For those not used to MySQL, enum is an integer "mapped" to a text string (that's how I see it). That means that when you have field such as enum('yes','no','DK'), in the table there are stored numbers 1, 2 and 3 which are mapped to the text values 'yes', 'no' and 'DK'. The description is not accurate (I'm not MySQL programmer, I didn't check it recently and I didn't inspect the code - I wouldn't understand it either) but I think it's not that important. What is important is the fact that MySQL has to work with some dozen fields that are numbers and PostgreSQL has to work with the same fields as varchar(). Some of the other fields are also varchars. This might (or might not) cause the speed difference. However I think that if devs figure out how to speed this up, other cases will benefit from the improvement too.

As I understood from the contributions of other, the 2) shouldn't have a great impact on the speed.

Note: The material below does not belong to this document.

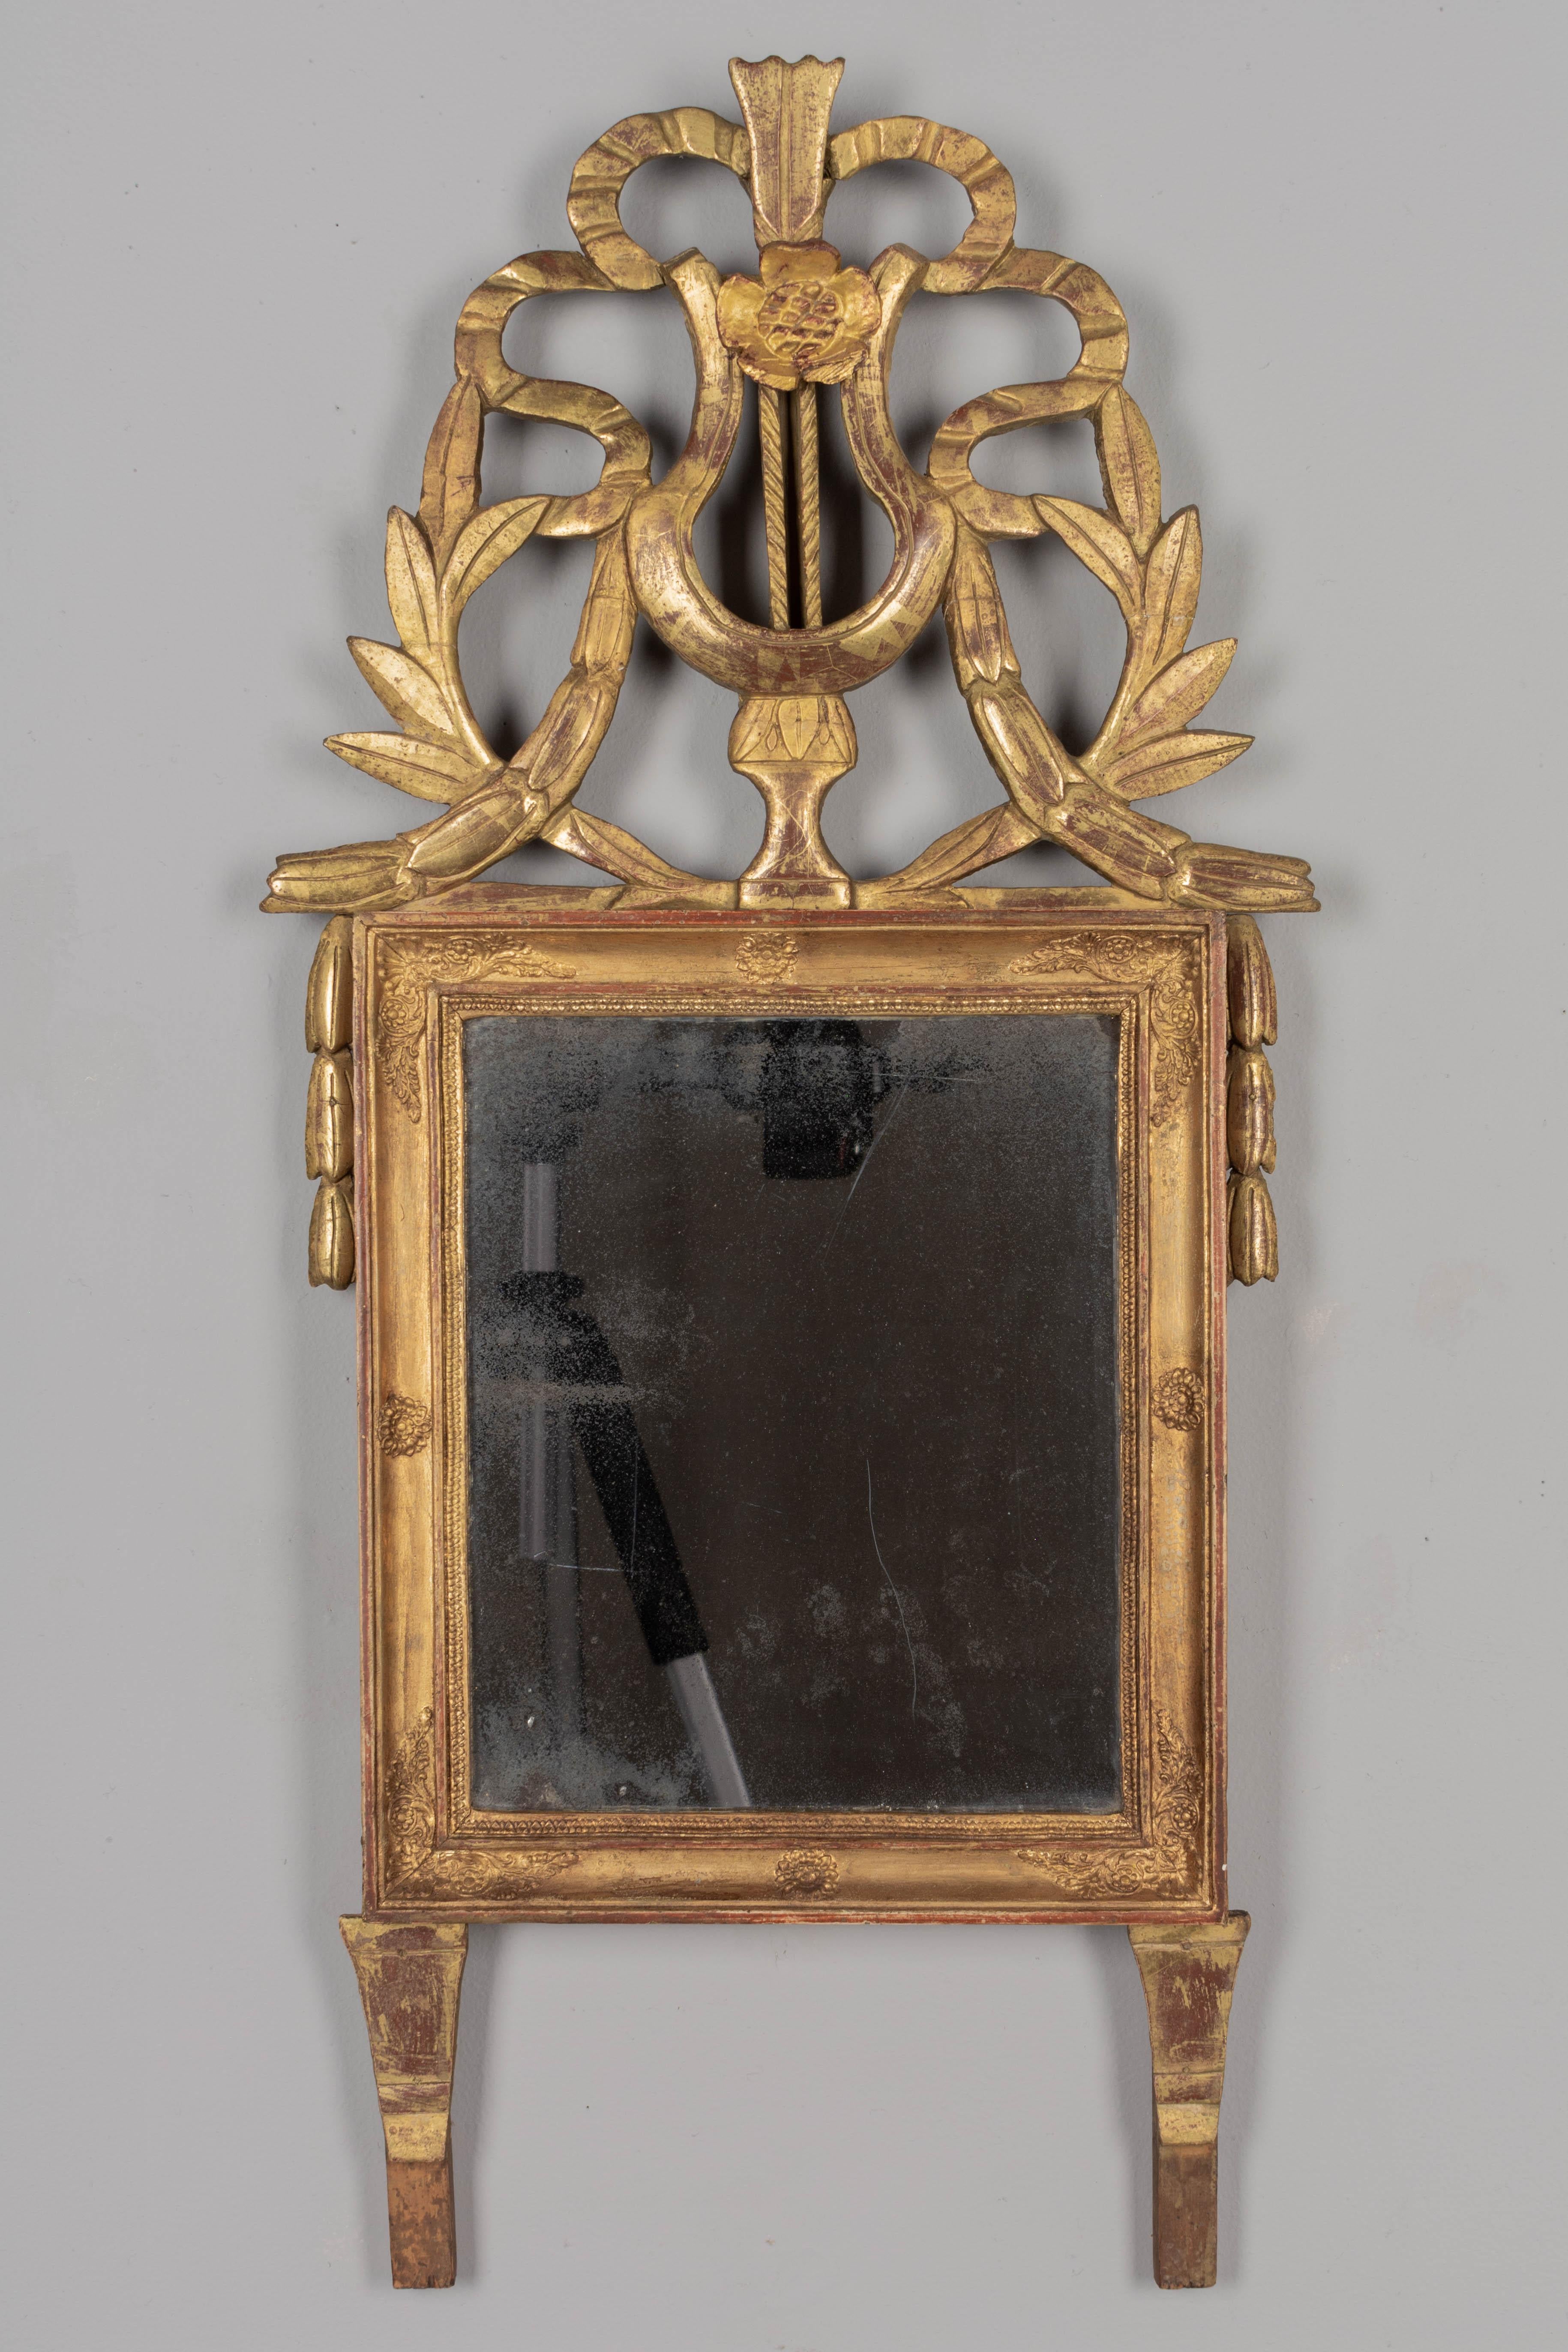 Miroir en bois doré français de style Louis XVI du début du XIXe siècle. Grand cimier sculpté en forme de lyre avec rubans et feuilles de laurier. Tout est d'origine avec quelques restaurations sur la crête et des pertes mineures. Patine dorée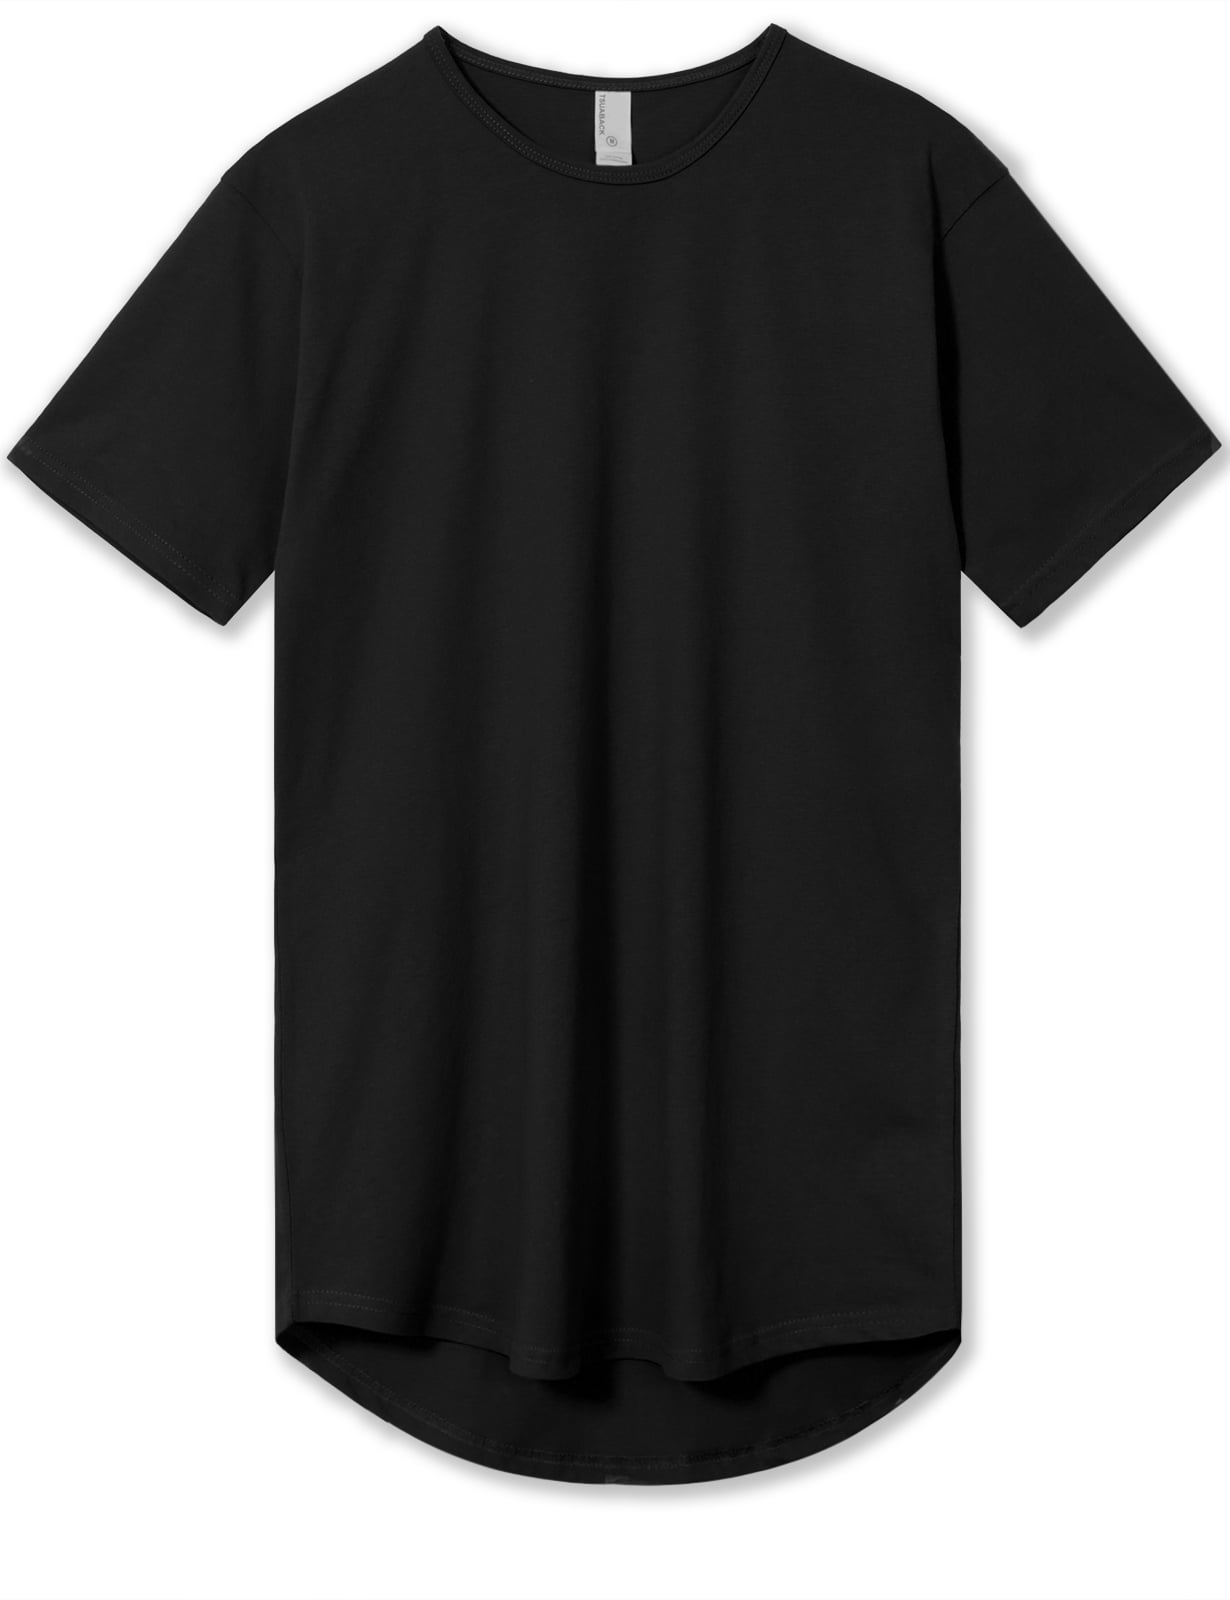 3xl tall t shirts Big sale - OFF 71%

Looking at the post-patch profile for the test case, there is still
quite a lot of cycles going into tuple assembly and disassembly:

Each sample counts as 0.01 seconds.
% cumulative self self total time seconds seconds calls ms/call ms/call name 24.47 4.49 4.49 _mcount
8.01 5.96 1.47 9143692 0.00 0.00 ExecEvalVar
6.92 7.23 1.27 6614373 0.00 0.00 slot_deformtuple
6.54 8.43 1.20 9143692 0.00 0.00 slot_getattr
6.21 9.57 1.14 103737 0.01 0.03 ExecTargetList
5.56 10.59 1.02 103775 0.01 0.01 DataFill
3.22 11.18 0.59 103775 0.01 0.01 ComputeDataSize
2.83 11.70 0.52 ExecEvalVar
2.72 12.20 0.50 9094122 0.00 0.00 memcpy
2.51 12.66 0.46 encore
2.40 13.10 0.44 427448 0.00 0.00 nocachegetattr
2.13 13.49 0.39 103775 0.00 0.02 heap_formtuple
2.07 13.87 0.38 noshlibs
1.20 14.09 0.22 225329 0.00 0.00 _doprnt
1.20 14.31 0.22 msquadloop
1.14 14.52 0.21 chunks
0.98 14.70 0.18 871885 0.00 0.00 AllocSetAlloc
0.98 14.88 0.18 $$dyncall
0.76 15.02 0.14 594242 0.00 0.00 FunctionCall3
0.71 15.15 0.13 213312 0.00 0.00 comparetup_heap
0.65 15.27 0.12 6364 0.02 0.13 printtup
0.60 15.38 0.11 790702 0.00 0.00 pfree

(_mcount is profiling overhead, ignore it.)  It looks to me like just
about everything in the top dozen functions is there as a result of the
fact that join steps form new tuples that are the merge of their input
tuples.  Even our favorite villains, palloc and pfree, are down in the
sub-percent range.

I am guessing that the reason MySQL wins on this is that they avoid
doing any data copying during a join step.  I wonder whether we could
accomplish the same by taking Ogawa's patch to the next level: allow
a TupleTableSlot to contain either a "materialized" tuple as now,
or a "virtual" tuple that is simply an array of Datums and null flags.
(It's virtual in the sense that any pass-by-reference Datums would have
to be pointing to data at the next level down.)  This would essentially
turn the formtuple and deformtuple operations into no-ops, and get rid
of a lot of the associated overhead such as ComputeDataSize and
DataFill.  The only operations that would have to forcibly materialize
a tuple would be ones that need to keep the tuple till after they fetch
their next input tuple --- hashing and sorting are examples, but very
many plan node types don't ever need to do that.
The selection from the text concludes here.